PDF might be a bit clunky, but here’s why we shouldn’t be taking it for granted

We all know very well what can happen when we try to access a blog post, article or other web content from several years ago. It’s a hit-and-miss situation: Even if it’s is still up, the page may have moved, links may no longer work, and content hosted elsewhere, such as images or videos, might be missing. The old text will likely be formatted completely differently, surrounded by dynamic content, such as current ads and related articles, being displayed out-of-context.

Fortunately, this does not happen very often in the scientific world, as academic articles are normally distributed as PDF files. As we all know, PDF’s main strength is that it preserves the appearance of the original document; not only across different operating systems and screen sizes, but also over several decades — it is backwardly compatible. But there is a further benefit, at least the way PDF is normally used: PDF is tangible: it is self-contained; once you’ve got the PDF, you’ve got the whole article. And normally it stays unchanged.

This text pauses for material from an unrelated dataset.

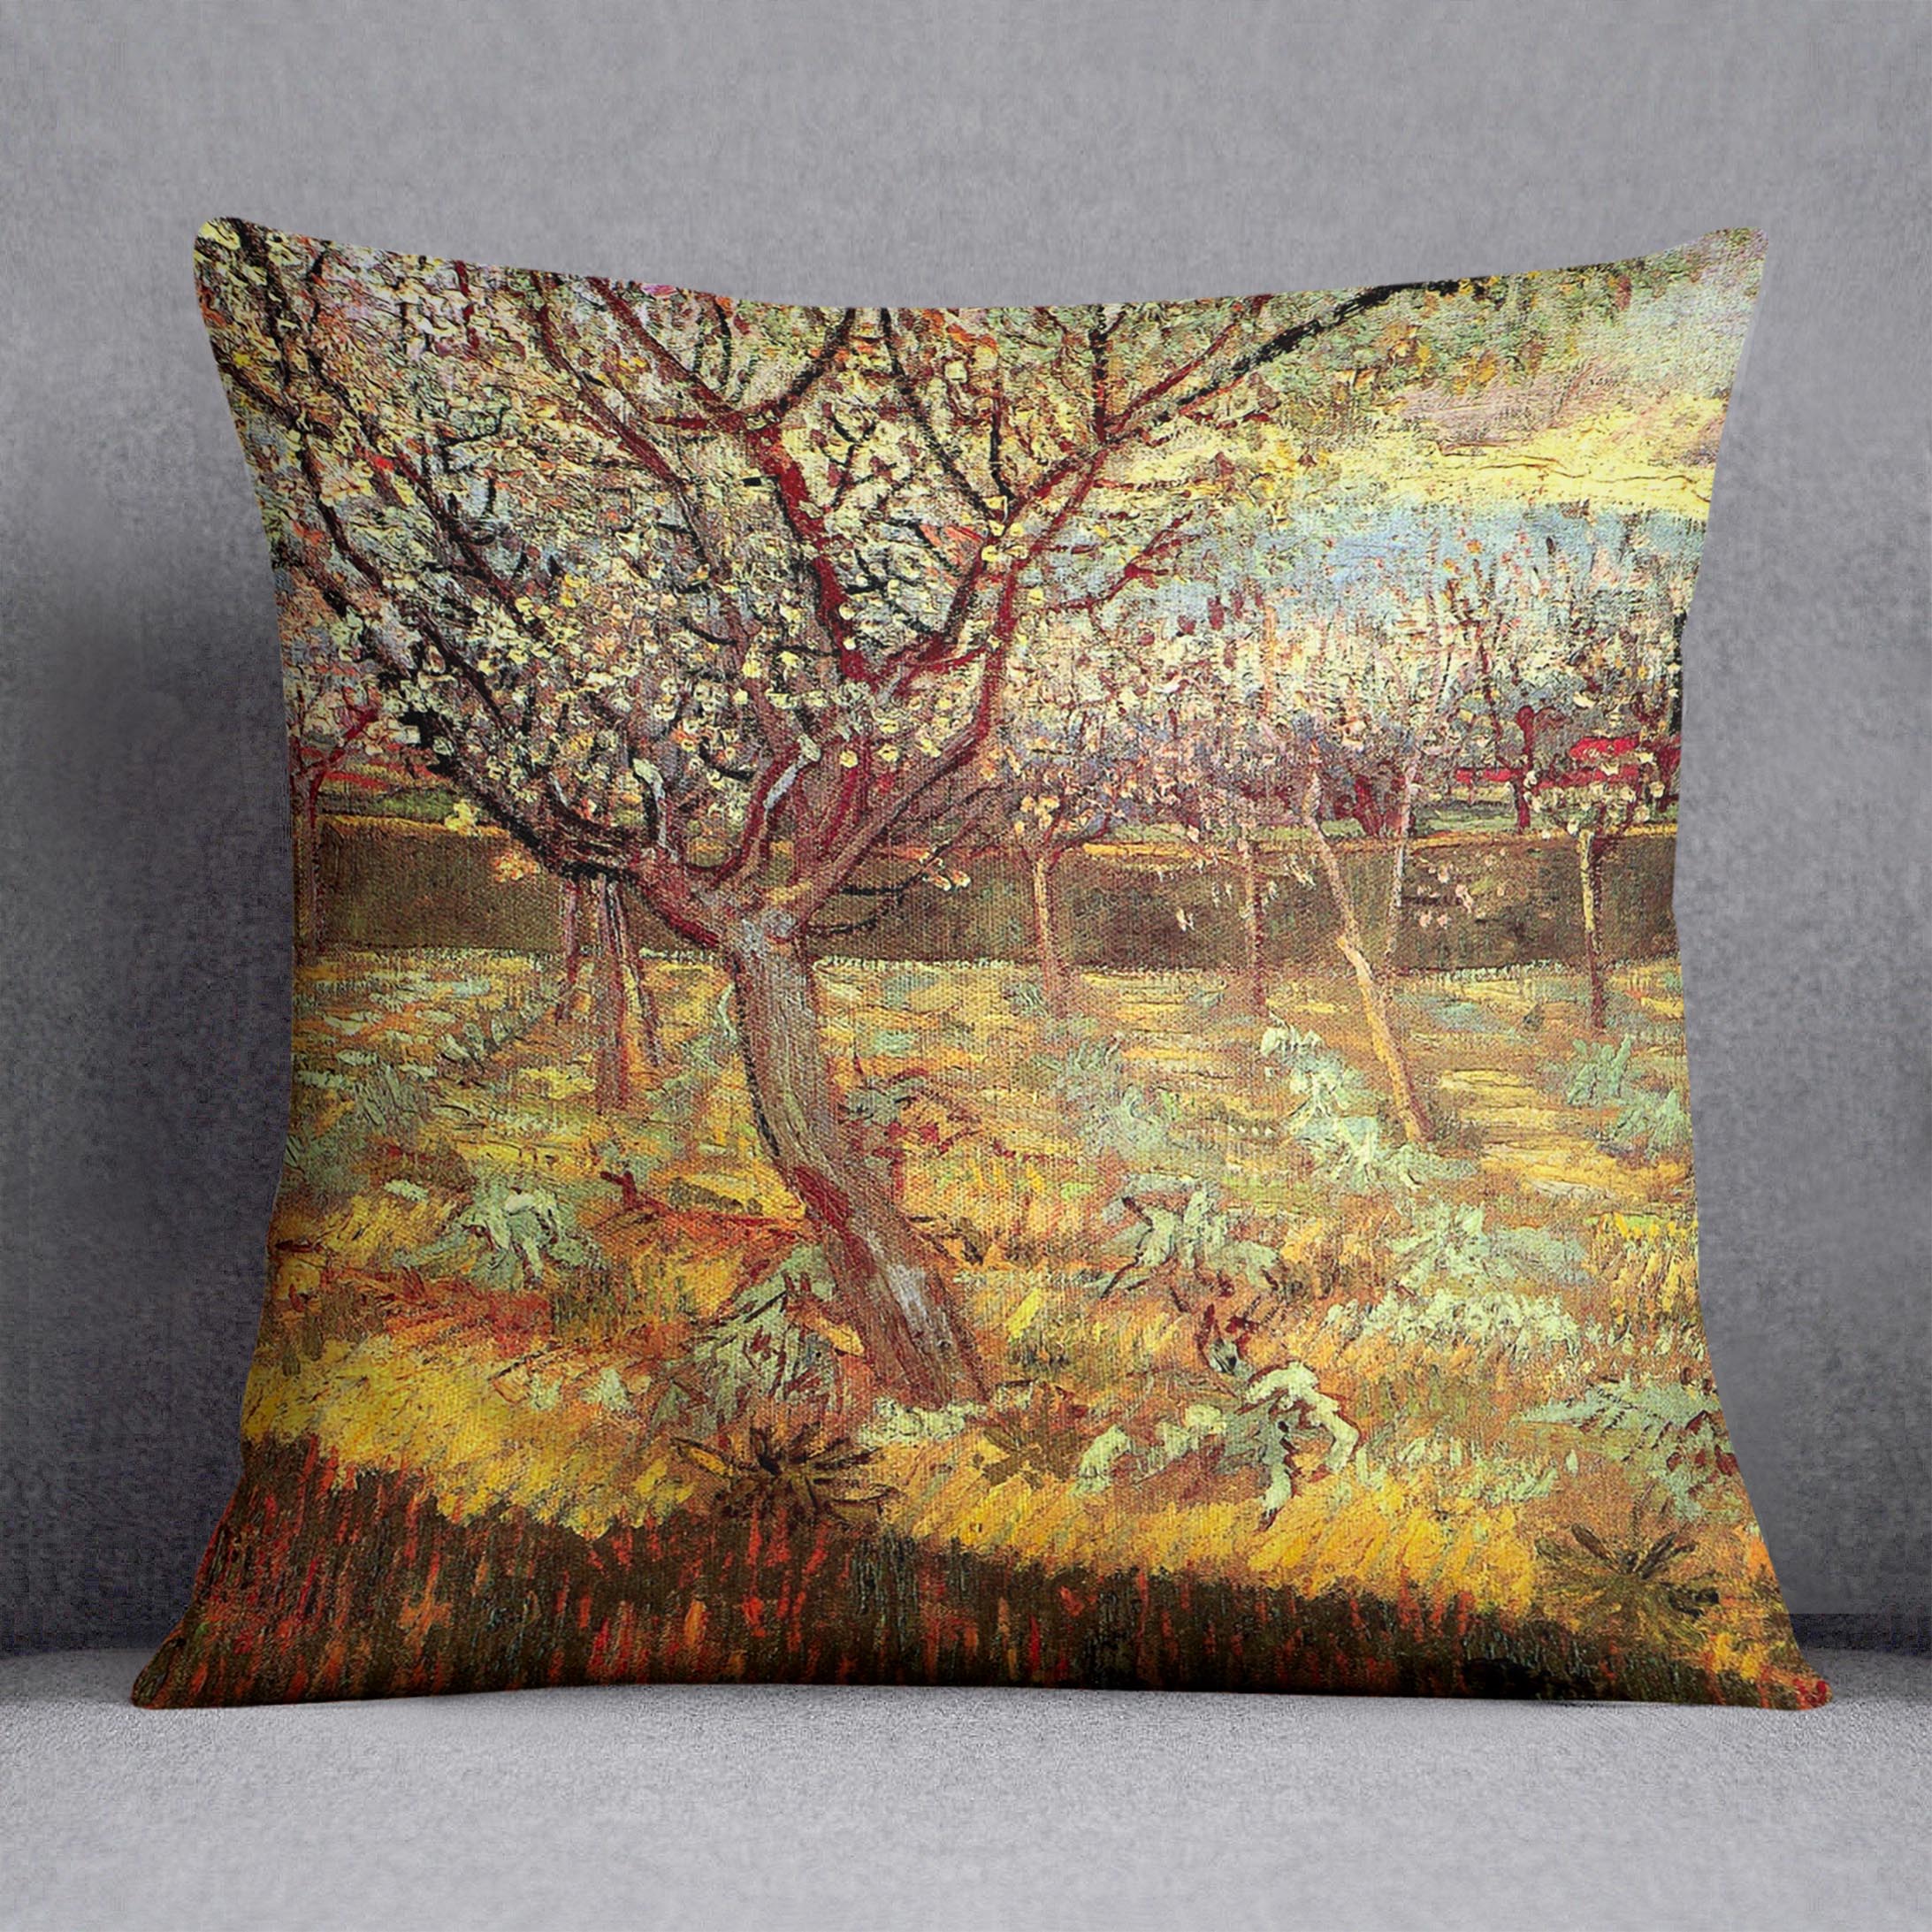 Apricot Trees in Blossom by Van Gogh Cushion

Because of this, I would argue that PDF has been a blessing for the archivability of the scientific Web.

For several years, there has now been a push by several members of the scientific community to wean authors and publishers away from PDF and towards better structured formats based on XML and HTML. The Force 11 (previously “Beyond the PDF”) series of conferences is an example of such an initiative. There are some very good reasons for this, as the added versatility makes it easier to extract data from articles and add inline comments for peer review, etc.

However, in defining the formats for future scholarly communication we need to be careful what we wish for. The push for a more versatile, up-to-date format is legitimate, but we need to be careful that, in doing so, we don’t forgo the advantages PDF is currently giving us.